Until recently Paredes de Nava (Palencia) was a remote town known above all for its heritage and being the birthplace of the poet Jorge Manrique and the painters Pedro and Alonso Berruguete. That was until not long ago, we say. In recent days, the name of this town in Tierra de Campos has grabbed headlines throughout the country for a different reason: against all odds, it has become proof that ’emptied Spain’ and the rural peninsula do not have to resign themselves to losing population. In Paredes they have certainly worked a miracle.
The most curious thing is that he has done it with a fairly obvious recipe.
Looking at the INE. Although its tables are basically made up of figures, percentages and rates, from time to time the INE gives us the odd mystery. It happens in Paredes de Nava, Palencia. If we take a look at its census we observe a curious phenomenon: although its region (Tierra de Campos) has spent the last few decades losing population density, in line with much of rural Spain, in recent years Paredes has gained neighbors.
In 2023, 1,985 people were registered in the town, just one year later there were 1,911 and in 2025 the observatory already counted 1,927.
Is it that curious? Yes. It may not be spectacular growth, but it is striking if two factors are taken into account. First, it breaks the negative trend that Paredes had experienced in recent times, accustomed to losing about 25 residents every year. Second, the town had not moved in its current population data for quite some time. We have to go back to 2018 to find a better result and the town hopes to reach the psychological barrier of 2,000 registered this year, a figure it has not managed since 2013.

And how is it possible? If the case of Paredes has attracted attention beyond Palencia or Castilla y León, it is because this increase in population is neither coincidental nor the result of chance. On the contrary. It responds to a strategy that has already sparked the interest of other towns and is based on two legs: immigration and affordable housing.
To understand it, we have to go back to 2024, when the town’s mayor, Luis Calderón, contacted TuTecho, a Spanish SOCIMI that seeks solutions to “homelessness and lack of housing.” The entity works in several fields at the same time, but in rural areas its commitment basically consists of recovering empty houses to convert them into “accessible” homes for “vulnerable families.”
Objective: home… and roots. In practice, this means that they acquire homes and then rent them to the City Council so that they end up being rented to new residents in an initiative with a marked social focus. In Paredes, for example, 75% of the beneficiaries are foreigners, especially Latinos.
Since the idea is for newcomers to the town to put down roots, it is facilitated for them to establish roots in different ways. As? Through contracts of leasing for those who need a vehicle or rentals with option to own.
And the work? The councilor assures that there is no shortage of vacancies in the province. In addition to the Renault factory, livestock and agriculture, there is a project to open an olive oil refining factory. “There are plenty of jobs, there are more than 1,200 unfilled, that’s without taking into account the socio-health needs and those of Renault,” guarantees Calderón, who optimistically awaits the opening of the new oil refining factory: “We are going to need many more houses.”

“The solution, in rural areas”. The demographic pulse of the town is not new. It started after the pandemic, when a special office focused on repopulation opened. Years ago he decided to welcome 200 Ukrainian mothers and their children, in 2024 he contacted TuTecho and today he boasts that the town has managed to attract 150 new inhabitants. Of them, a third (49) have arrived thanks to TuTecho, which has in turn acquired 11 homes in the Palencia municipality. Initially the company had acquired only four.
“The solution to the country’s main problems, housing and immigration, is in rural areas,” the councilor defended a few days ago in statements collected by The Newspaper. The truth is that Paredes’ experience seems to have encouraged other people. Those responsible for TuTecho explain that they have already made the leap to a dozen towns, in which they also collaborate with the town councils to articulate a residential rental offer that makes possible what for a long time seemed a chimera in emptied Spain: “Repopulate.”

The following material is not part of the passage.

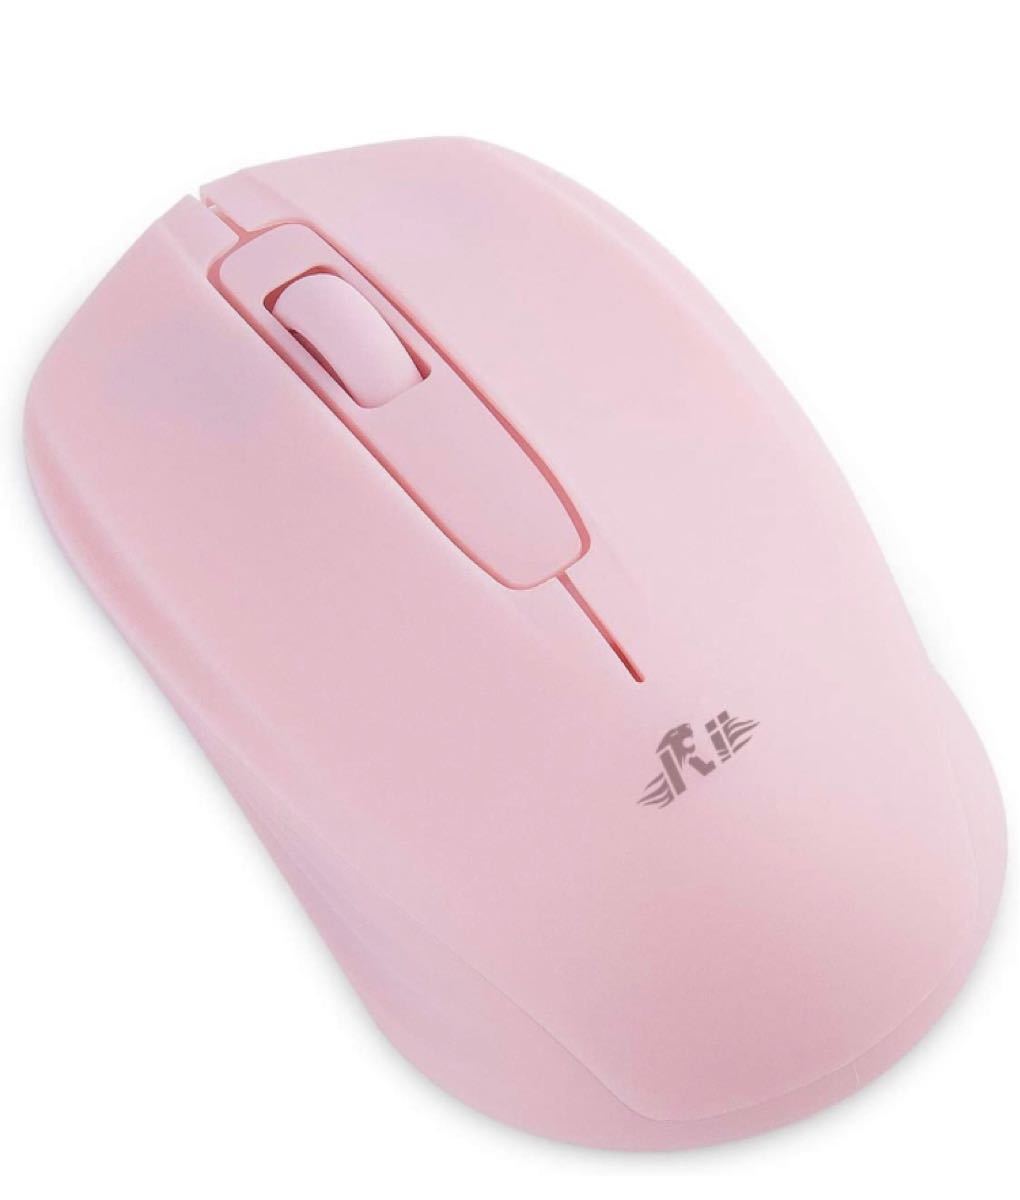 マウスワイヤレス 小型 無線マウス 電池式 2.4GHz 1000DPI 付属ワイヤレスマウス USBレシーバ PC用マウス 
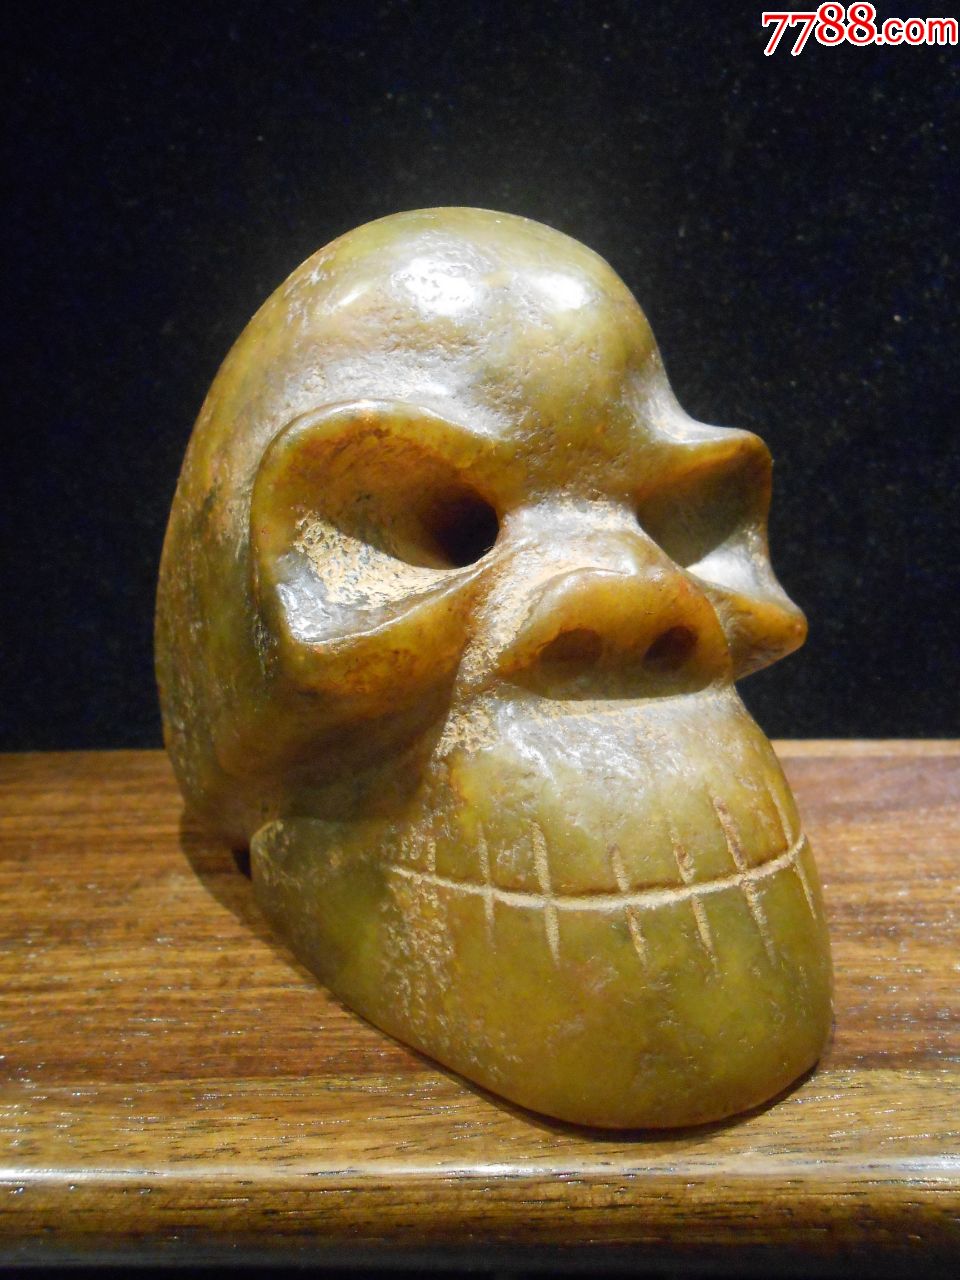 红山玉骷髅头雕件,雕刻骷髅头,玉质油润,包浆老气,重3斤多,无托,底价

“A bridge between both”. The founder of Tutecho, Blanca Hernández, sums it up clearly: “Depopulation is a challenge, homelessness another. We realized that we can be a bridge between the two,” she tells The Confidential. “It’s about matching the profiles of inhabitants that the town needs with the families that meet those requirements and need a home.”
In the case of Paredes, they have even managed to ensure that the school, which until not so long ago seemed on a tightrope, faces the future with some peace of mind. Not bad if you take into account that, as stated in a recent EY report, 48% of the Spanish territory does not reach the European density threshold (12.5 inhabitants per km2) and 80% of small rural municipalities are losing population.